§ Problem to work on
Could you output exactly the lines running from the one containing "Appartamento in vendita" to the final line of the listing below, leaving out pictures?

§ Data
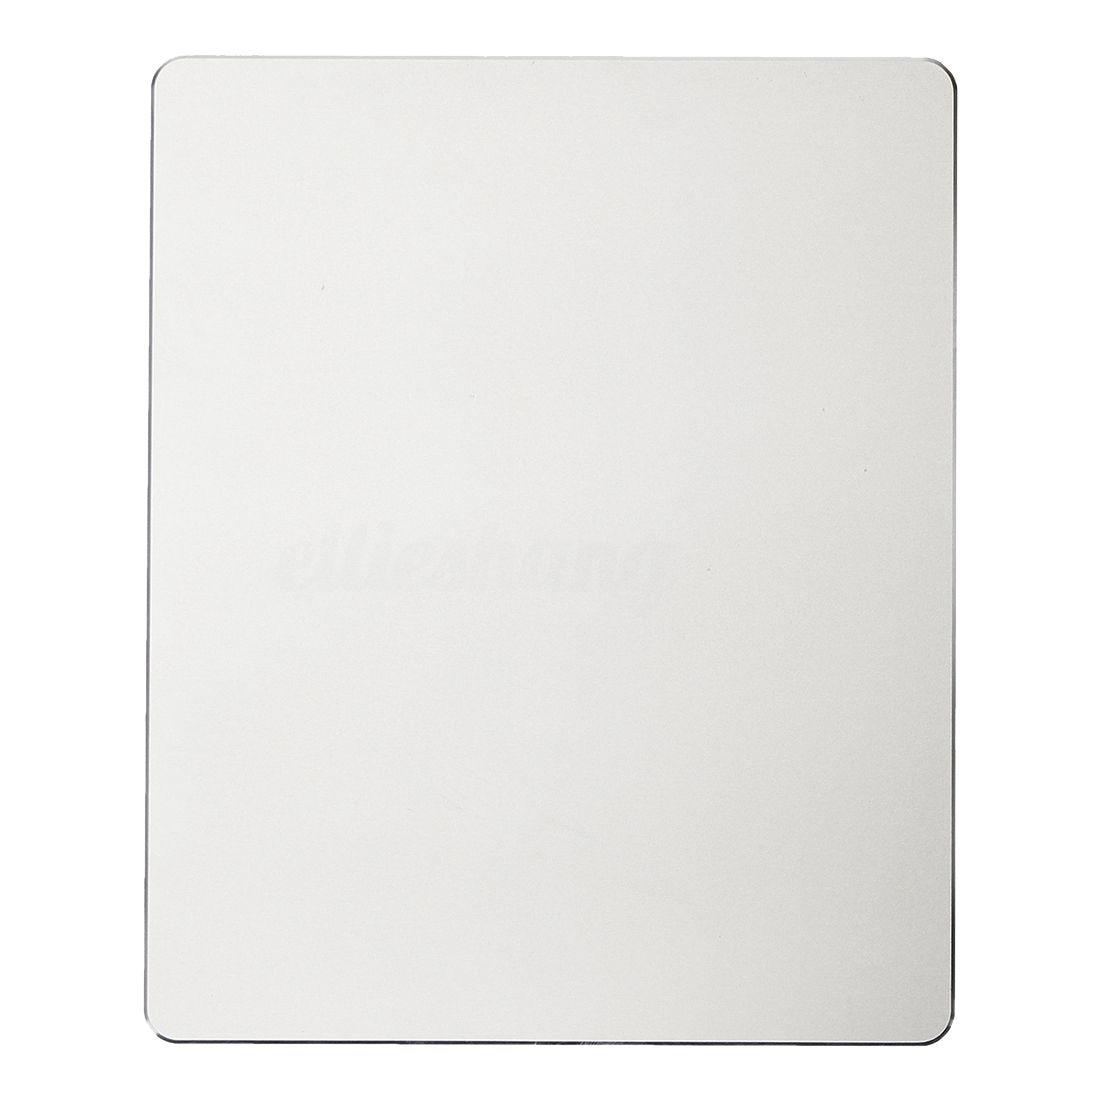 Алюминий сплава площадку Мышь коврик игровой коврик Мышь Мыши для ноутбуков настольных ПК ...
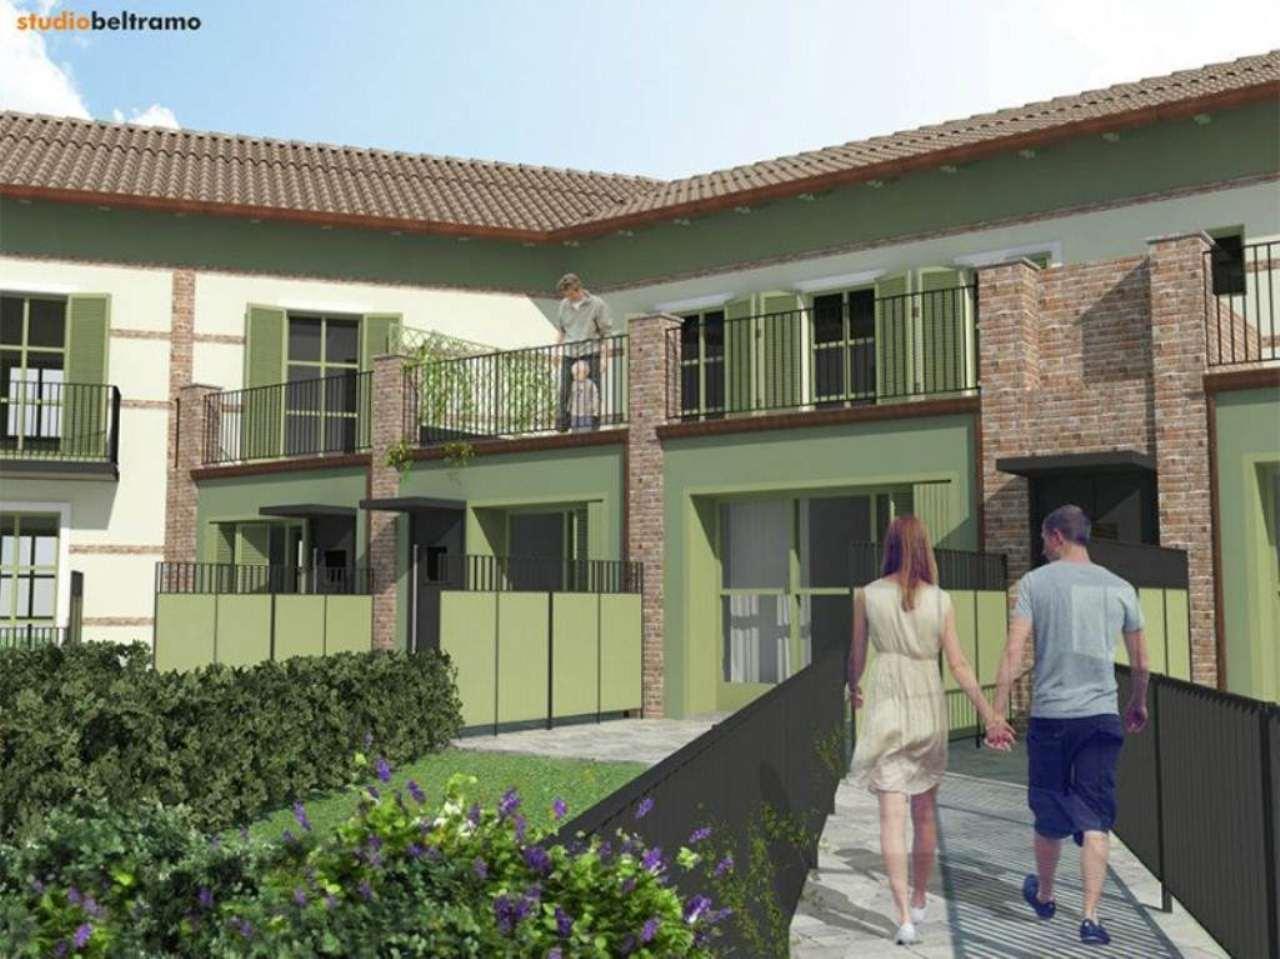 Appartamento in vendita a Fiano, 3 locali, prezzo € 310.000 | Cambio Casa.it
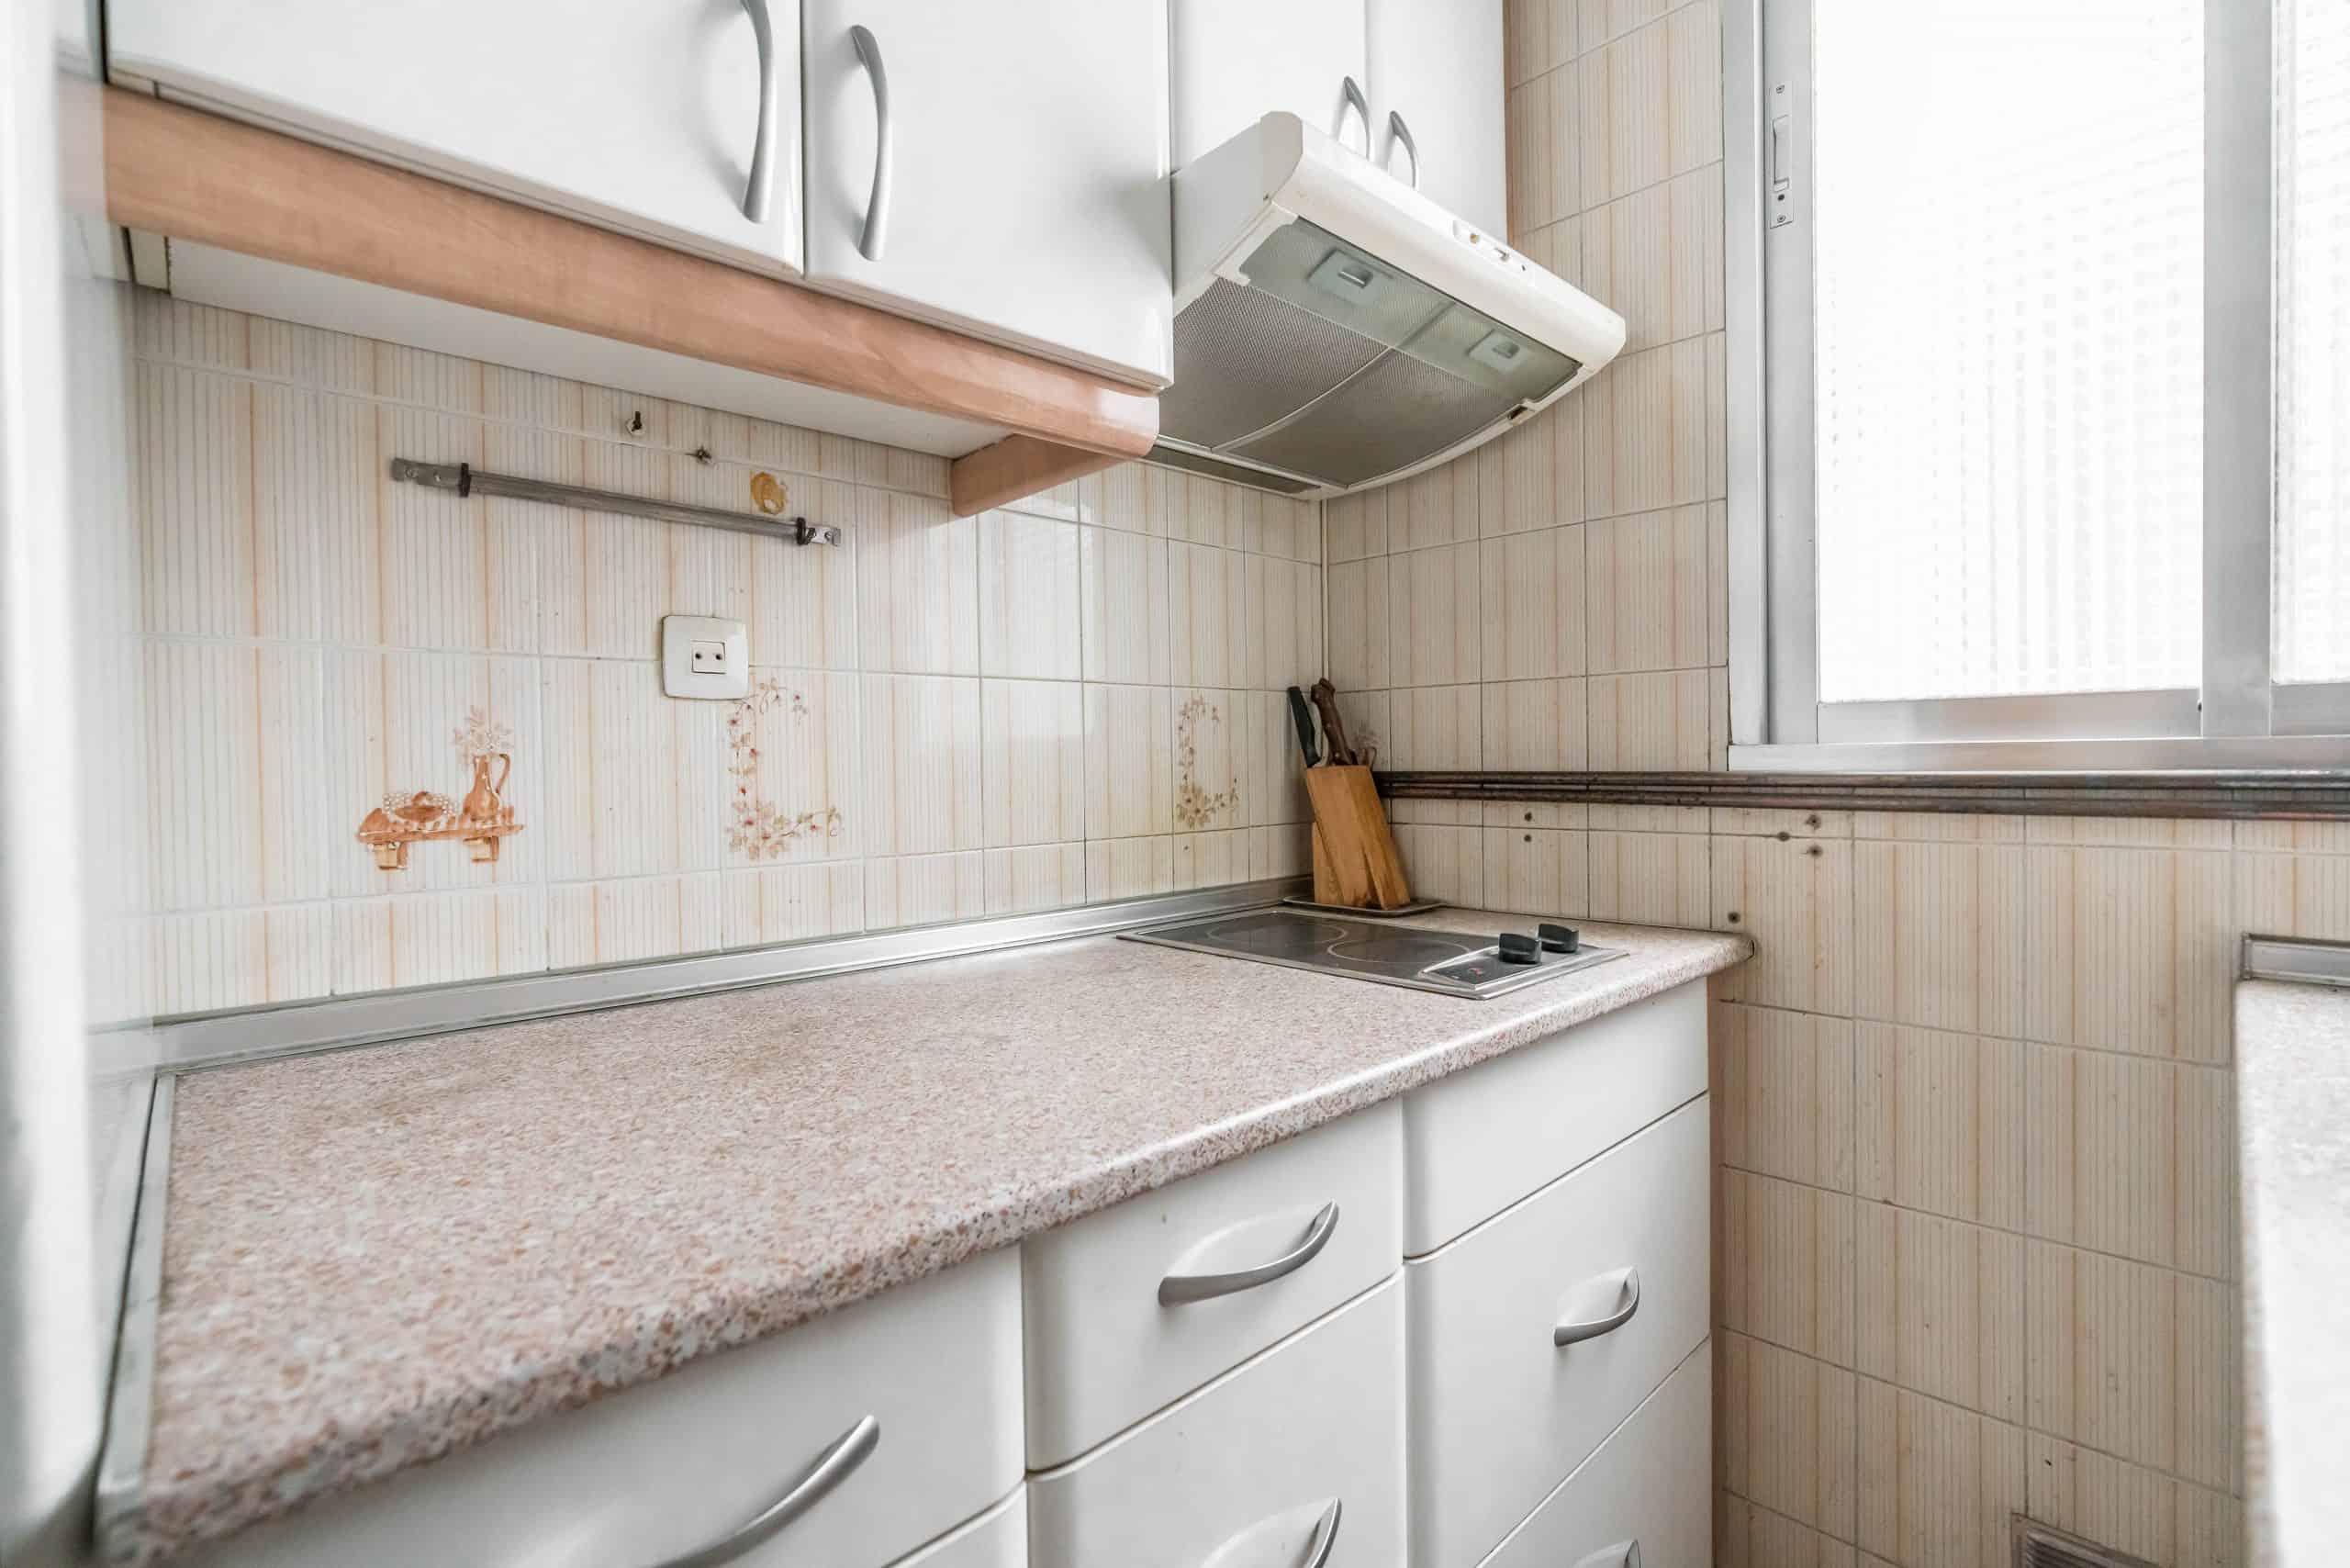 Agencia Inmobiliaria de Madrid-FUTUROCASA-Zona ARGANZUELA-EMBAJADORES-LEGAZPI -calle Guillermo de Osma 5 COCINA (5) (Copy)

§ Solution to the exercise
 Appartamento in vendita a Fiano, 3 locali, prezzo € 310.000 | Cambio Casa.it
 Agencia Inmobiliaria de Madrid-FUTUROCASA-Zona ARGANZUELA-EMBAJADORES-LEGAZPI -calle Guillermo de Osma 5 COCINA (5) (Copy)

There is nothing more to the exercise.